Source: https://www.bio.miami.edu

The Y Chromosome

The Y chromosome has been sequenced and has provided valuable insights into sex determination and the evolution of human beings as a whole. The Y chromosome is made up of some 58 million base pairs and more than 95% of it is male specific. The Y chromosome makes up almost 2% of the total DNA in a cell. Scientists believe that the modern Y chromosome evolved from the autosomes and slowly specialized into functioning as a sex determining agent.

Sex Determination

The Y chromosome contains around 70 to 200 genes that are mostly involved in sex determination and the development of the male reproductive system and sexual characteristics. For about the first 40 days after conception the gonads of male and female embryos are the same, the reproductive system is undifferentiated. It is the presence or the absence of the SRY gene (sex determining region of the Y chromosome) that determines which way the embryo will develop. The gene encodes a protein called the testis-determining factor.
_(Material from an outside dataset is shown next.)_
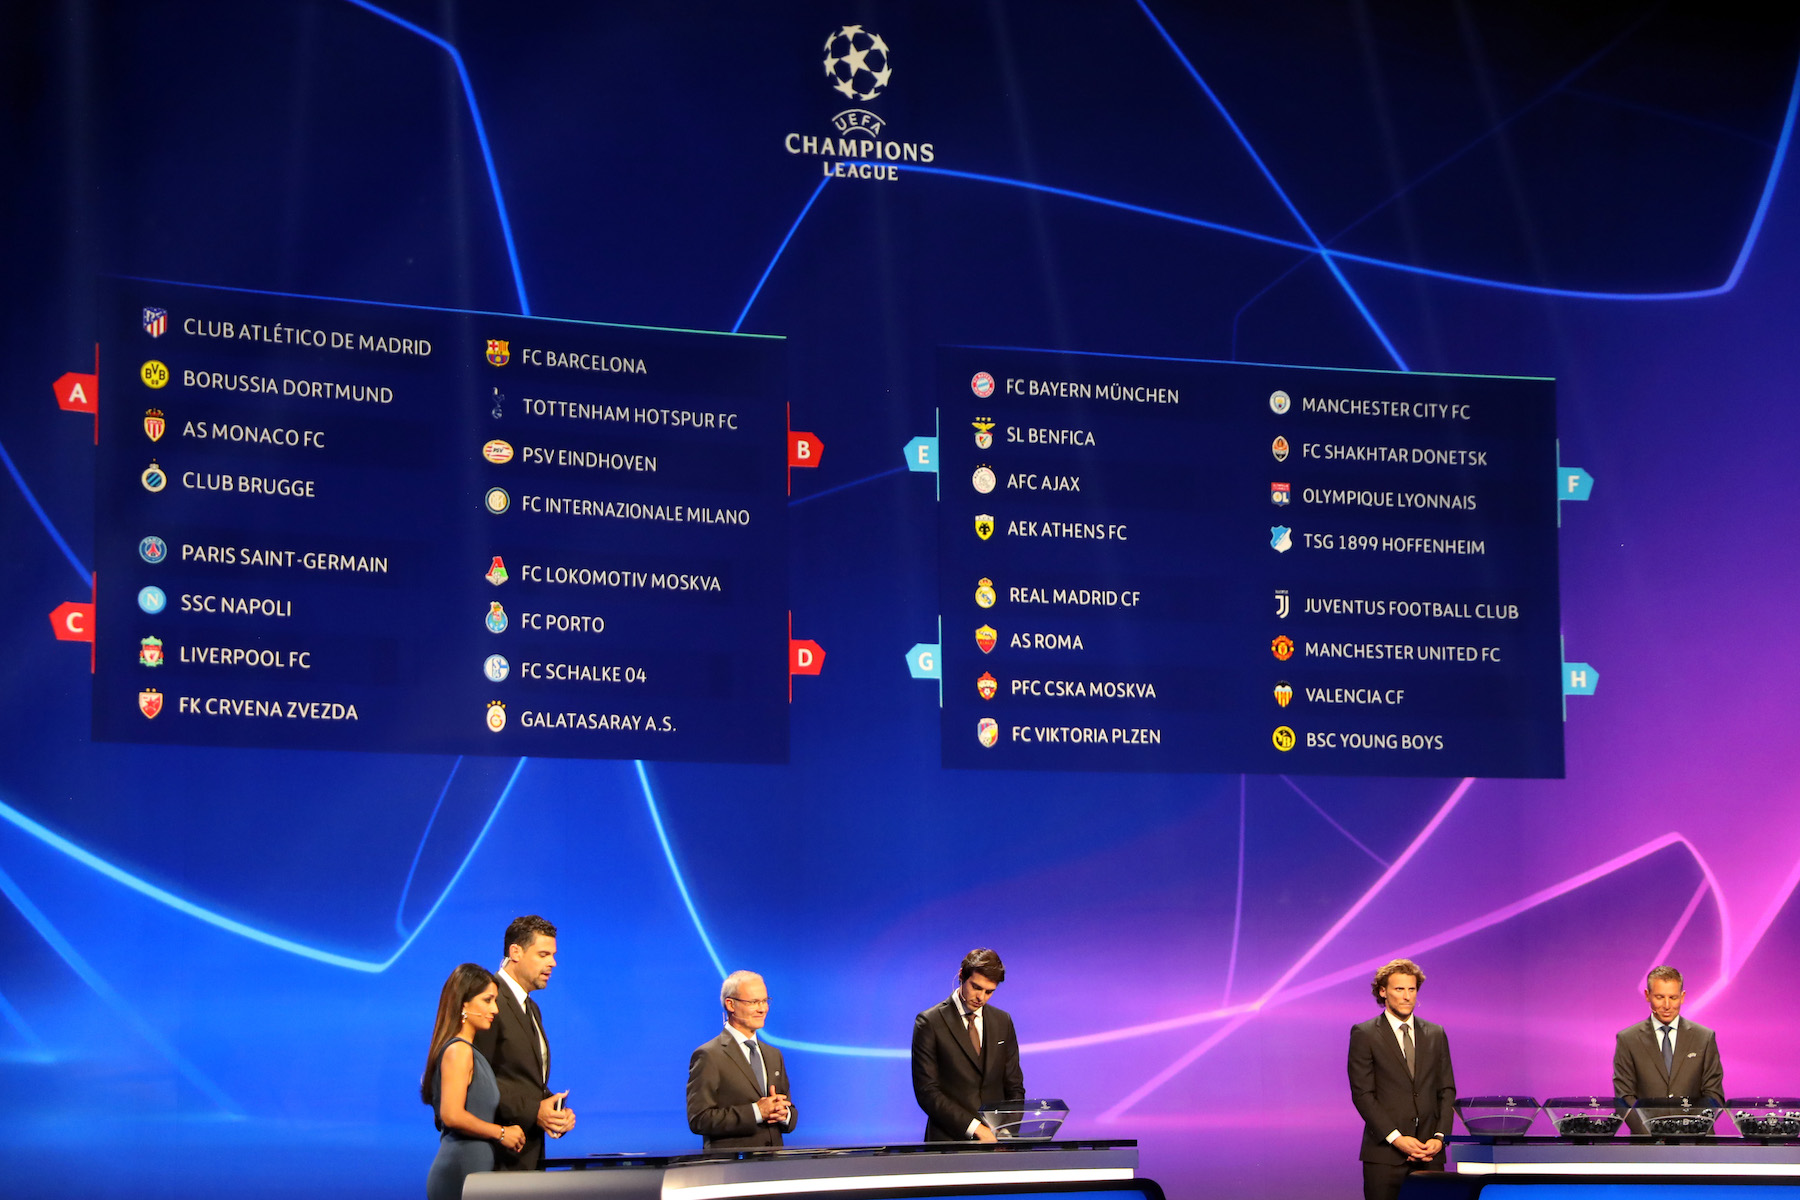 Champions League Fixtures Explained / Uefa Champions League Predictions

The future of the Y Chromosome

It has also been shown that regions of the Y chromosome are constantly being lost by either deletions or recombination which might - so some scientists believe - eventually wipe out the male species from the human race. Although such genetic happenings are common on the Y chromosome, scientists have also identified regions which contain palindromic sequences which seem to help the Y chromosome retain its active functions.

The Y chromosome serves as an evolutionary tracker since it is mostly conserved and transmitted from male to male offspring, this helps us make phylogenetic studies and identification of ancestry.